Marchant Ashleigh, Ball Nick, Witchalls Jeremy, Waddington Gordon, Mulavara Ajitkumar P, Bloomberg Jacob J
Research Institute for Sport and Exercise, University of Canberra, Canberra, ACT, Australia.
KBRWyle, Houston, TX, United States.
Front Physiol. 2020 Apr 17;11:318. doi: 10.3389/fphys.2020.00318. eCollection 2020.
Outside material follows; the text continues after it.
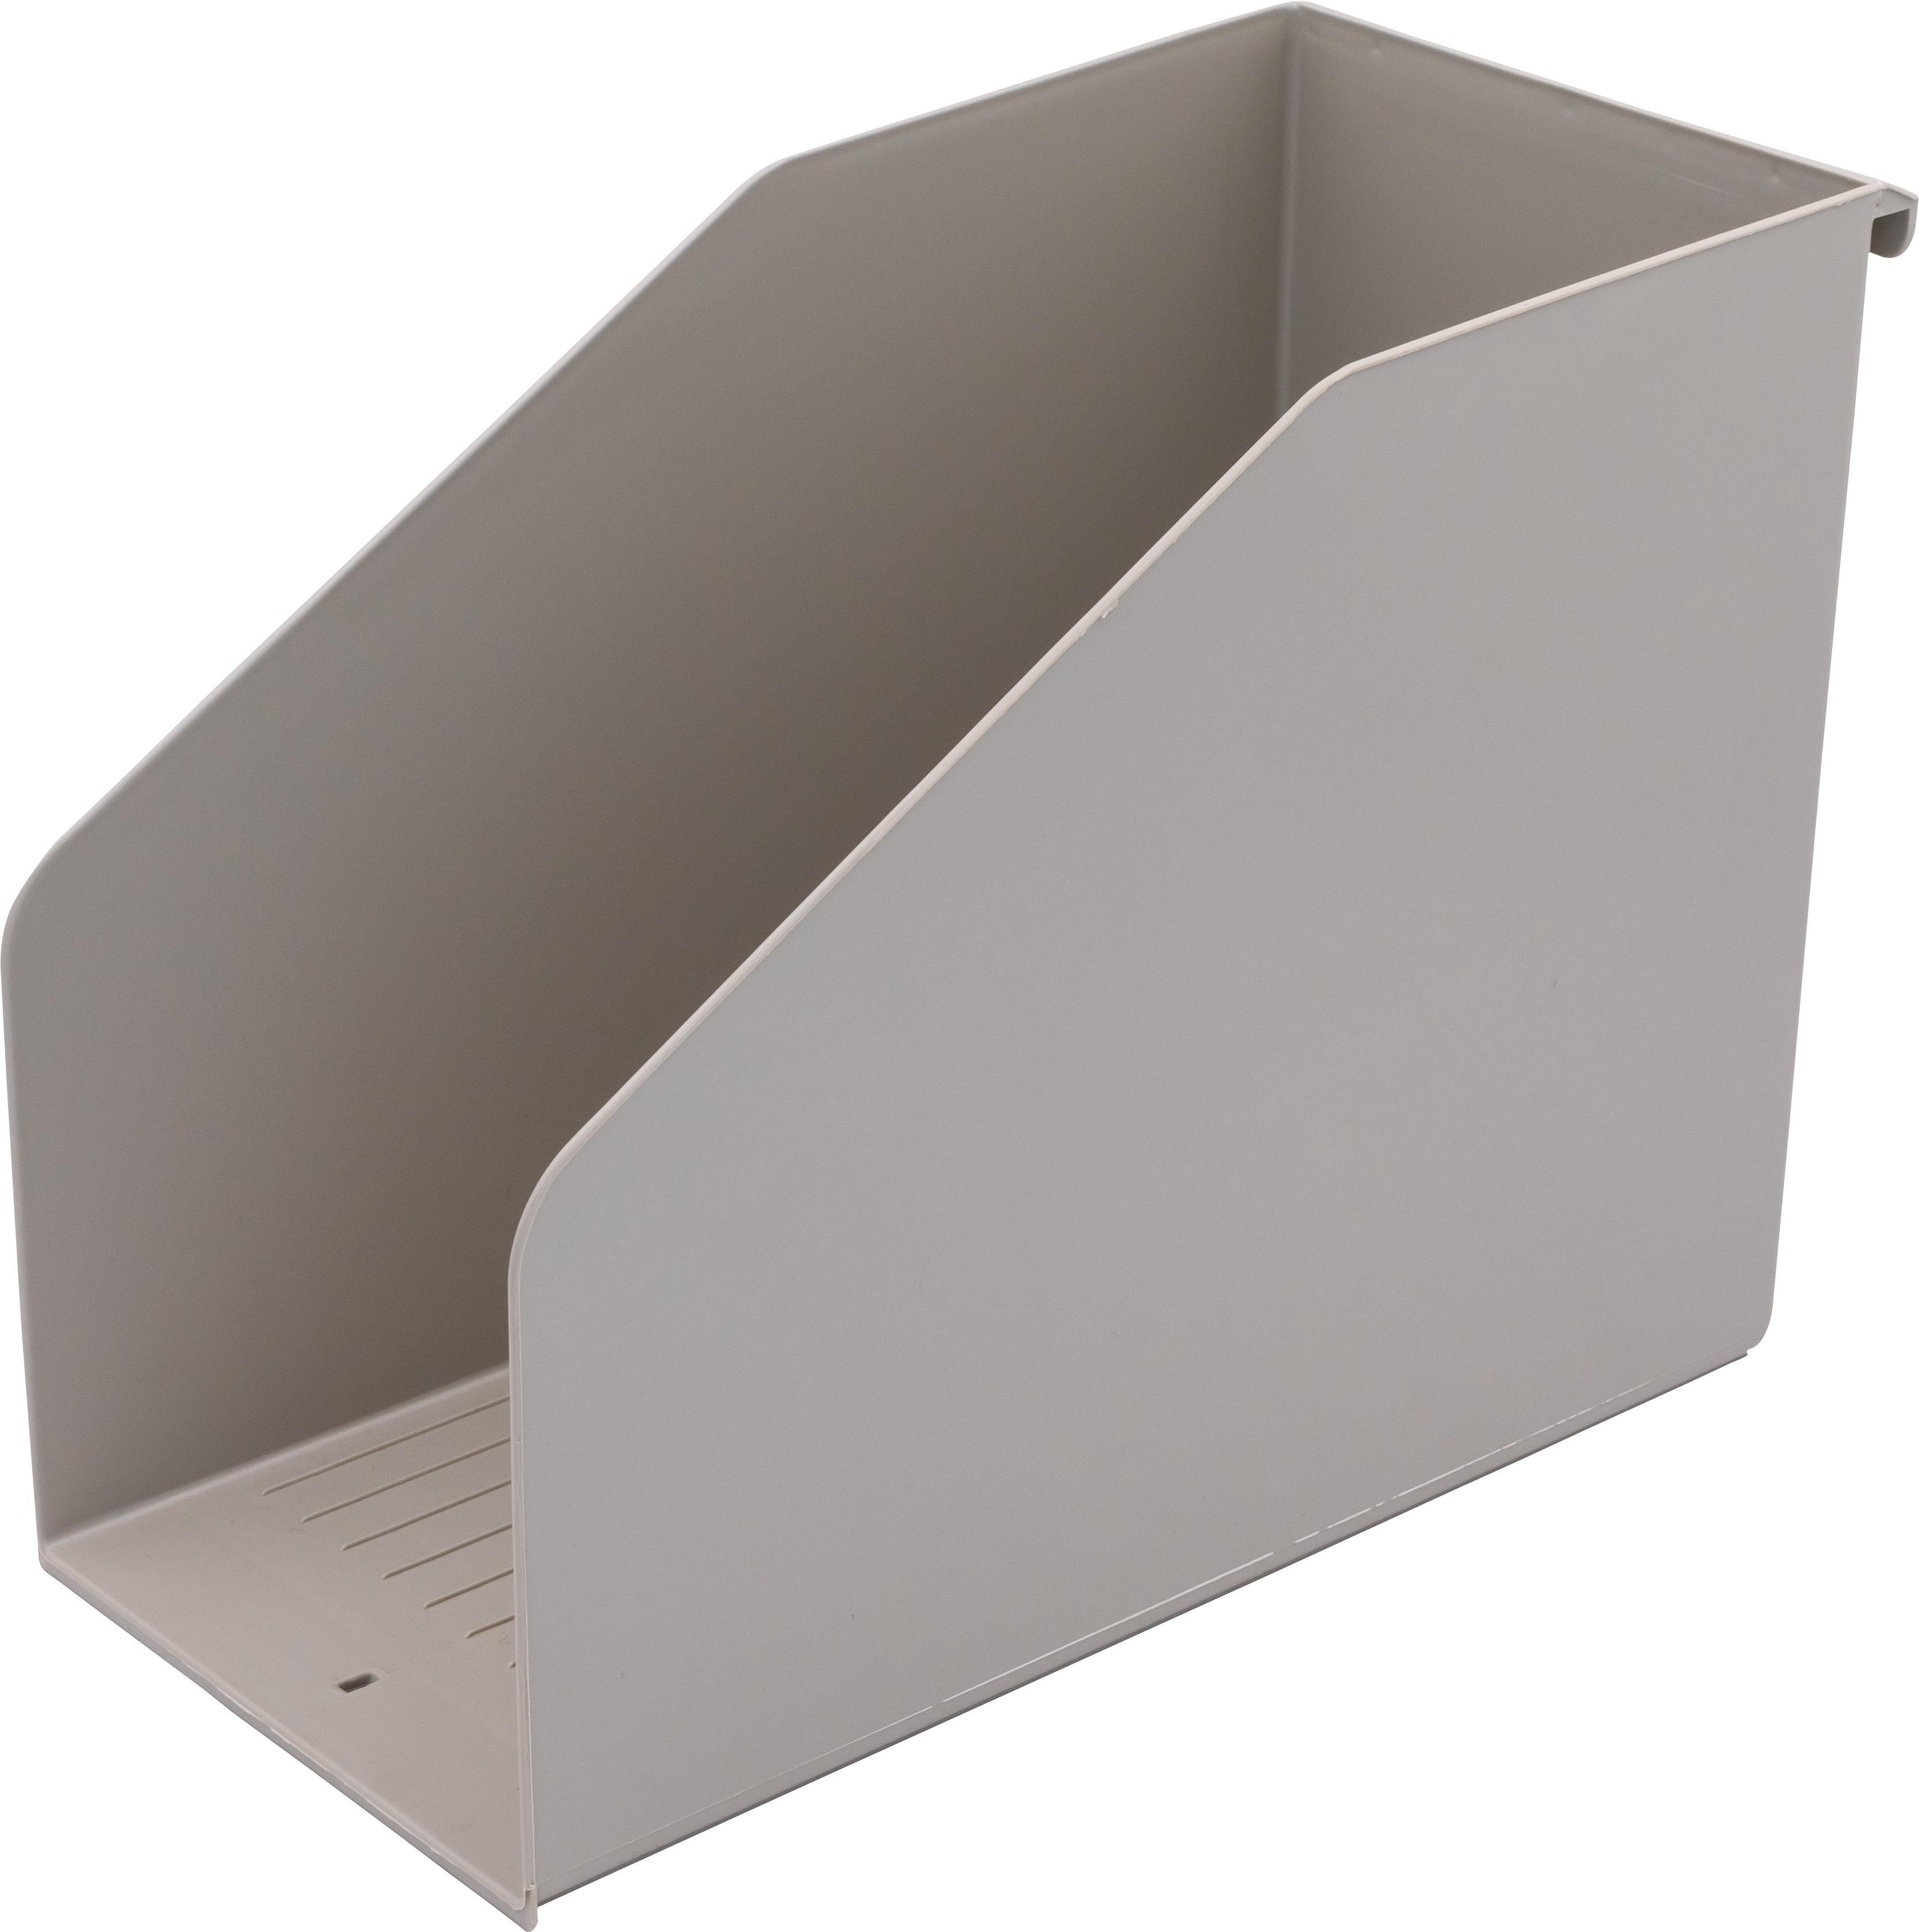 Ordnungsbox A4, lateral, 15 cm breit, Polystyrol, grau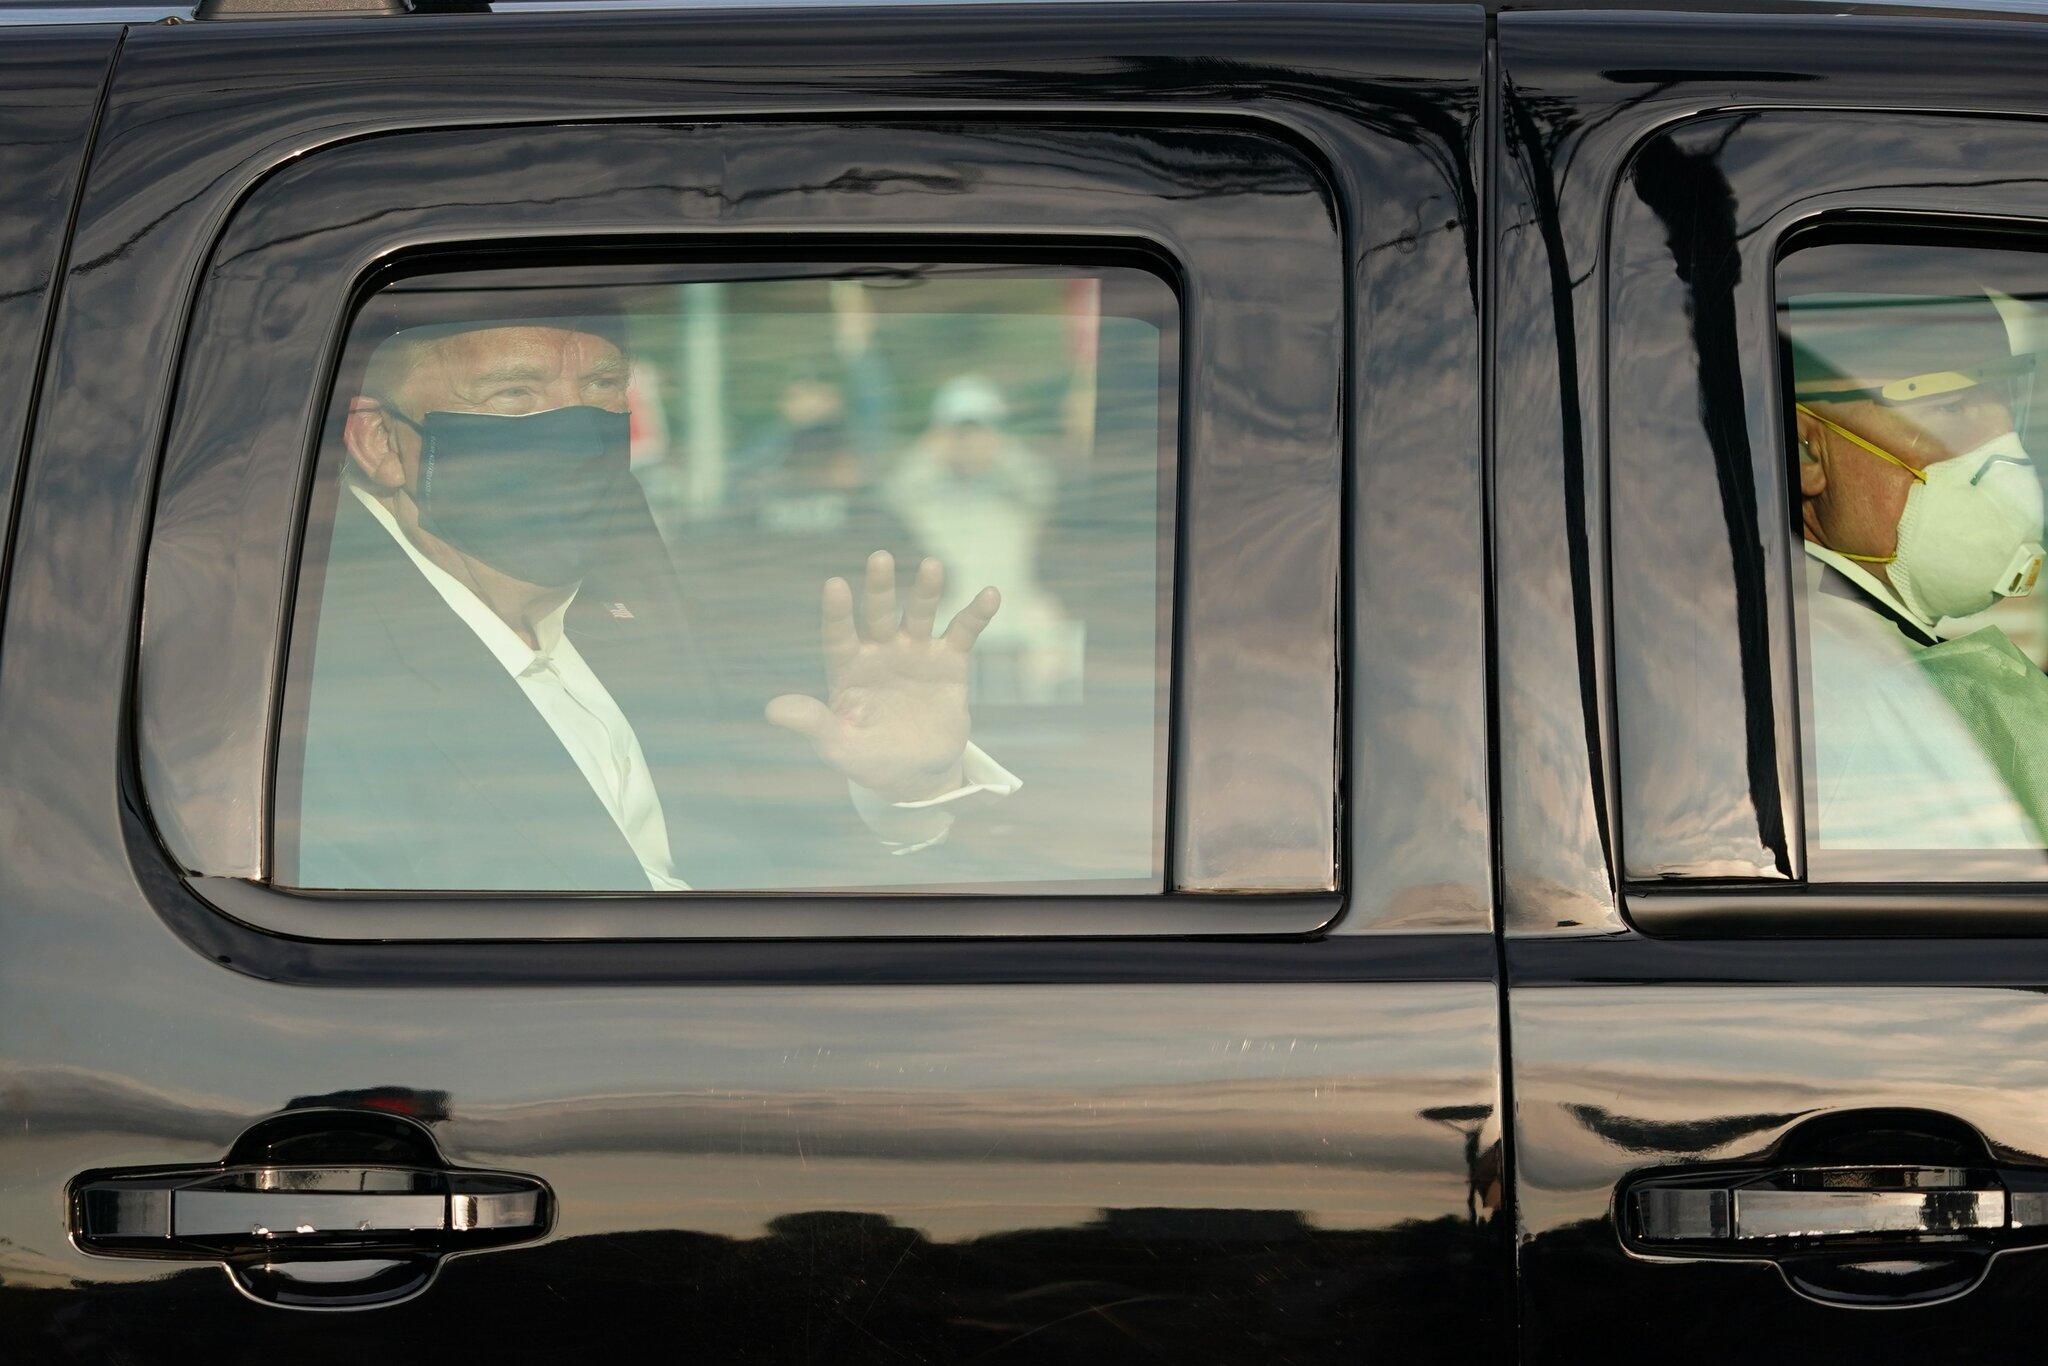 صورة الكاميرا تلتقط أولى اللقطات لترامب بعد هزيمته بالرئاسة- هكذا بدا (فيديوهات)

Evaluating countermeasures designed to reduce the impact of microgravity exposure on astronaut performance requires the development of effective methods of assessing changes to sensorimotor function in 1g analog systems. In this study, somatosensation at the ankle and fingers, lower leg muscle activity and visuomotor control were assessed using a full body loading and acute unloading model to simulate microgravity. It was hypothesized that the function of the hands and eyes are not constrained to 'weight bearing' postures for optimal function and would not differ between the loaded and acute unloaded conditions, whereas lower leg muscle activity and ankle somatosensation would be reduced in the acute unloaded condition. Somatosensation was recorded using the Active Movement Extent Discrimination Apparatus (AMEDA) protocol where participants were required to make an absolute judgment of joint position sense. A score closer to 1.0 demonstrates higher accuracy. Lower leg muscle activity was recorded using electromyography of major lower leg musculature to observe peak muscle activity and duration of contraction. The King Devick infrared eye tracking test was used to asses visuomotor control by monitoring saccade velocity and fixation time. In acute unloading, it was found that ankle somatosensation had decreased accuracy (loaded 0.68, unloaded 0.66, = 0.045) while finger somatosensation improved (loaded 0.77, unloaded 0.79, = 0.006). When acutely unloaded, peak lower leg muscle activation reduced ( > 27%) and total contraction time increased (2.02 × longer) compared to loading. Visuomotor assessment results did not vary between the loaded and acute unloaded postures, however the underlying techniques used by the participant to complete the task (saccade velocity and fixations time) did increase in acute unloaded conditions.
This research provides an insight to how to the human body responds immediately to acute changes of gravitational load direction. It provides insight to the acute affects' astronauts may encounter when in microgravity.
评估旨在减少微重力暴露对宇航员表现影响的对策,需要开发有效的方法来评估1g模拟系统中感觉运动功能的变化。在本研究中,使用全身加载和急性卸载模型来模拟微重力,评估了脚踝和手指的本体感觉、小腿肌肉活动以及视觉运动控制。研究假设,手和眼的功能并不局限于“负重”姿势以实现最佳功能,并且在加载和急性卸载条件下不会有所不同,而在急性卸载条件下小腿肌肉活动和脚踝本体感觉会降低。使用主动运动范围辨别仪(AMEDA)协议记录本体感觉,参与者需要对关节位置感进行绝对判断。分数越接近1.0表明准确性越高。使用小腿主要肌肉组织的肌电图记录小腿肌肉活动,以观察肌肉活动峰值和收缩持续时间。使用金德维克红外眼动追踪测试通过监测扫视速度和注视时间来评估视觉运动控制。在急性卸载时,发现脚踝本体感觉准确性降低(加载时为0.68,卸载时为0.66,P = 0.045),而手指本体感觉提高(加载时为0.77,卸载时为0.79,P = 0.006)。与加载相比,急性卸载时小腿肌肉激活峰值降低(>27%),总收缩时间增加(延长2.02倍)。视觉运动评估结果在加载和急性卸载姿势之间没有差异,然而参与者完成任务所使用的潜在技术(扫视速度和注视时间)在急性卸载条件下确实有所增加。
本研究为人体如何立即响应重力负荷方向的急性变化提供了见解。它为宇航员在微重力环境中可能遇到的急性影响提供了见解。